Martin Luther King Sr. Community Resources Collaborative

The Martin Luther King Sr. Community Resources Collaborative named after the late Reverend turned community activist Martin Luther King Sr., held its official dedication ceremony, November 4, 2012. The 8-million-dollar brick complex is located at 101 Jackson Street NE, in the "National Historic King District," of Atlanta, Georgia, which is also known as the Sweet Auburn and Old Fourth Ward Districts. The Collaborative, often referred to as the MLK Sr. CRC, is three stories tall and houses the fellowship hall of Historic Ebenezer Baptist Church, where Reverend King Sr. once pastored and co-pastored with his son Dr. Martin Luther King Jr. Also serving as a mini historical museum, the Collaborative, houses and displays relics from Reverend King Sr., such as his sermon notes, documents, clothing, pictures and the original church organ that his late wife, Alberta Christine Williams King played during Ebenezer services.
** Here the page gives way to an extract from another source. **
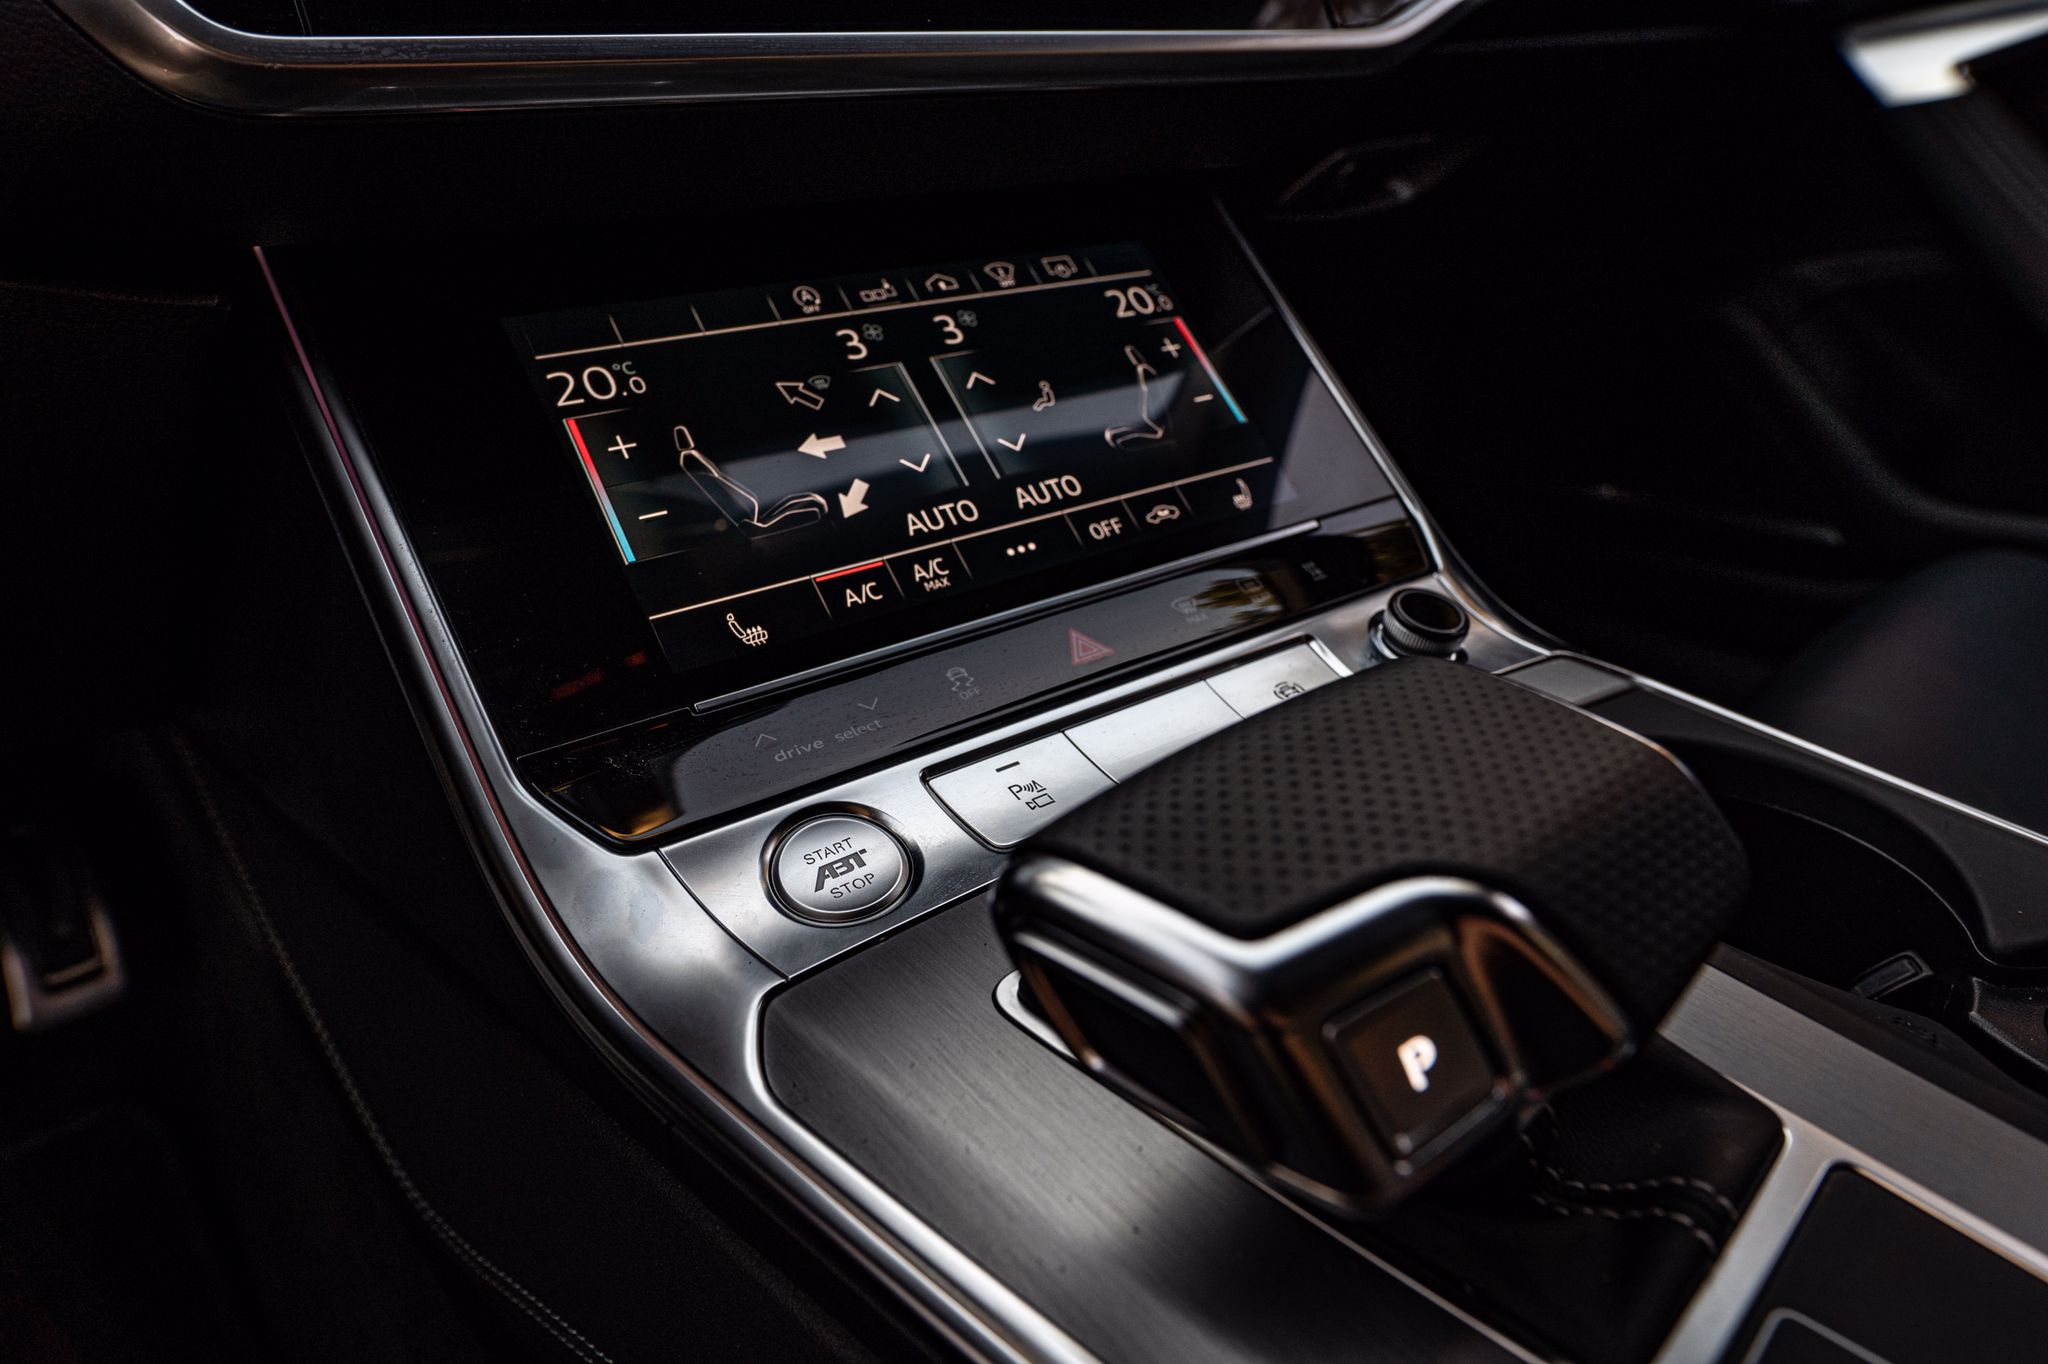 Interieur from Audi S6 ABT Avant long-term rental

Containing a commercial grade kitchen and conference/exhibit hall, the Collaborative is frequently rented and utilized for private, corporate and government meetings and functions. However, one of the main purposes of building the expansive Collaborative was to create and maintain an ongoing community partnership of local and national non-profit agencies focusing on improving and enhancing the lives of underserved children and families residing in the Sweet Auburn and Old Fourth Ward geographic areas, as well as, surrounding Fulton counties in Atlanta. Detailed programs focused on Literacy/Education, Financial Literacy, Housing, Employment Services and overall Family Enhancement are administered to participants via in-house non-profit community partners: Ebenezer Baptist Church, Casey Family Programs, Operation Hope and Enroll America, as well as, services and programs from community referral partner agencies. The community Cyber Cafe hosted by Operation Hope, as well as, office and suite space for the Collaborative's in house community partners, along with the Collaborative's Executive Director, Detria Russell is located throughout the Martin Luther King Sr. Community Resources Collaborative's three floors. Because the Collaborative is located in the "National Historic King District," The National Park Service administers the Collaborative's parking lot and surrounding land, which includes the old Historic Ebenezer Baptist Church building, Dr. Martin Luther King Jr.'s birth home and gravesite, as well as, a community playground.